Con el crecimiento de las guerras entre 2022 y 2023, las principales potencias militares elevan en millones sus presupuestos en Defensa y se posicionan en los bandos que protagonizan las distintas guerras en Medio Oriente y Europa. A pesar de que la diplomacia se ve relegada en los tiempos modernos, existen Estados que decidieron no desarrollar sus ejércitos y se mantienen al margen de las acciones bélicas.
¿Por qué hay países que deciden no tener ejército?
Mientras que, para algunos países, la guerra es un negocio del que se puede sacar una ganancia y otros se ven forzados a contar con recursos militares por su ubicación geopolítica, hay Estados que no tienen un ejército por decisión propia.
Algunos de ellos, con un pasado colonial a sus espaldas, delegan la defensa nacional a sus antiguos regentes. Por ejemplo, Aruba lo hace con los Países Bajos; las islas Caimán y otros territorios de ultramar, con el Reino Unido; Polinesia, con Francia; y Groenlandia, con Dinamarca.

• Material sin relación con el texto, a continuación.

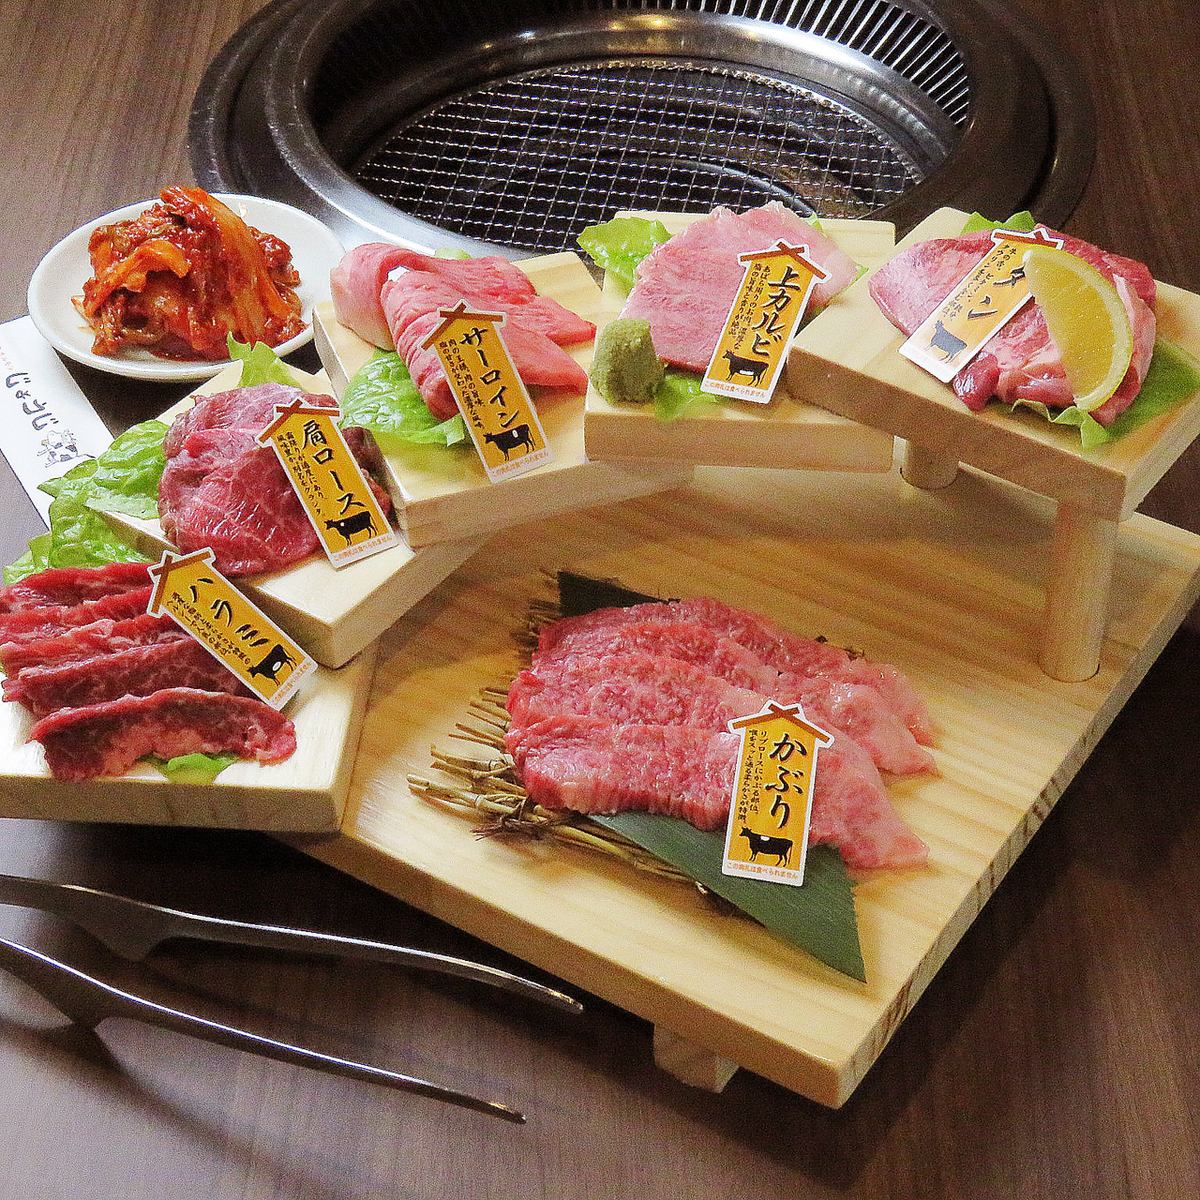 請享用精選的日本牛肉和激素。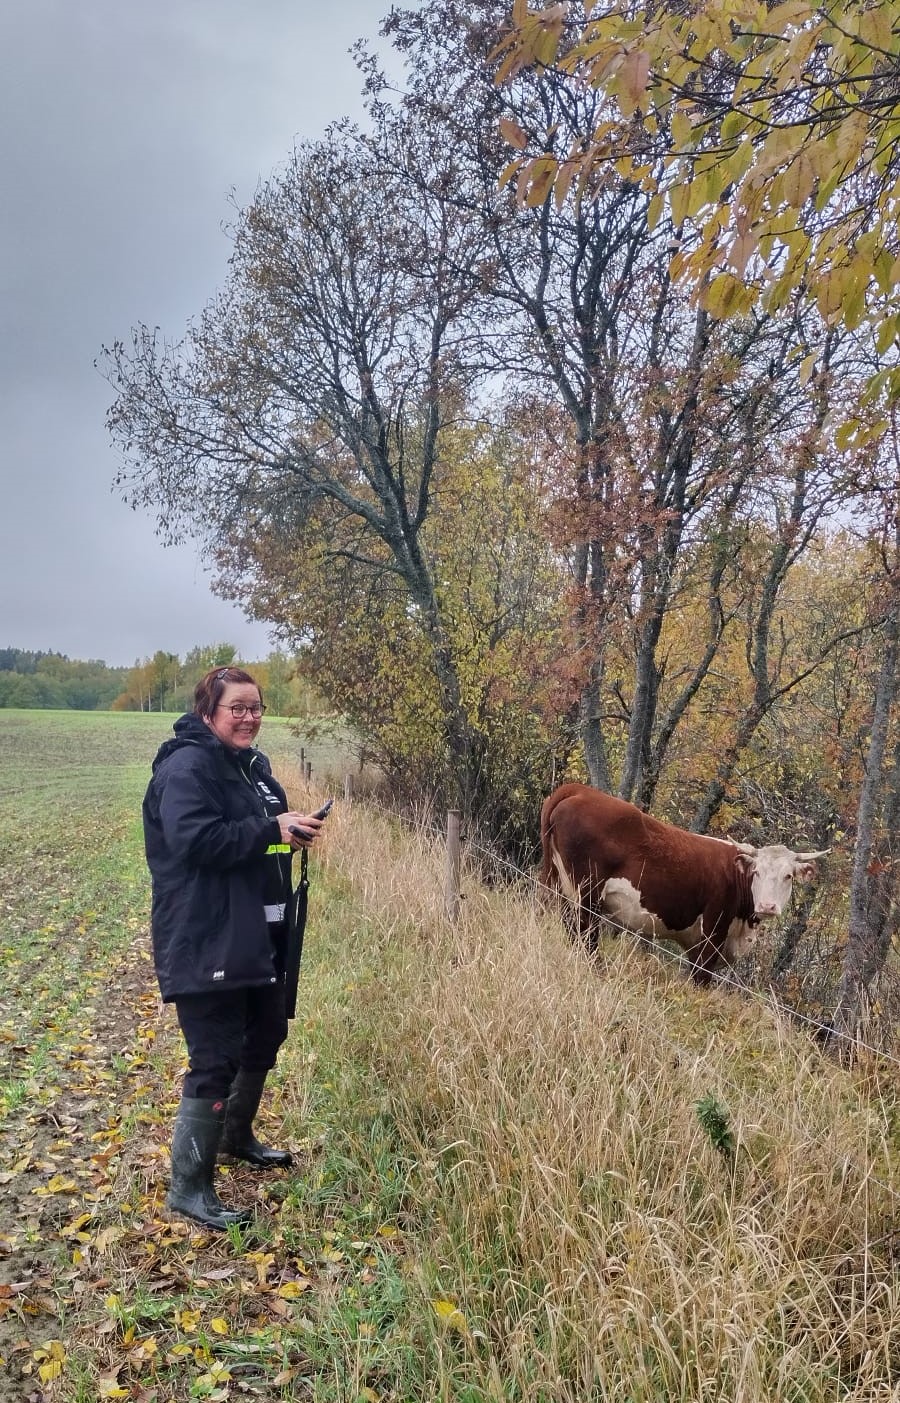 Syksyinen pellonreuna, etualalla seisoo nainen tummassa takissa, taaempana lehmä katselee naista.

Hay otros casos marcados por su neutralidad o intrascendencia en las grandes disputas históricas que tampoco cuentan con un ejército. La Ciudad del Vaticano, si bien es un territorio independiente políticamente y conocido por su relevancia religiosa, no posee una fuerza propia. Aunque no tiene tratado de protección con Italia, informalmente, la responsabilidad por su seguridad recae sobre su vecino.
Otra de las naciones europeas que delegan la defensa es Liechtenstein. En 1868, desfinanciaron el ejército por considerar su mantenimiento demasiado caro y dependen de Austria y Suiza, otro Estado conocido por su posición neutral en las guerras mundiales que asolaron Europa.
El Principado de Andorra, en disputa entre España y Francia, obtuvo su independencia plena recién en la década del 80. Lejos de desprenderse, depende de ambas potencias europeas para su protección. Similar es el caso de Mónaco, que obtuvo su autonomía en el siglo pasado, pero mantiene distintos acuerdos con los franceses para la circulación del euro y la protección.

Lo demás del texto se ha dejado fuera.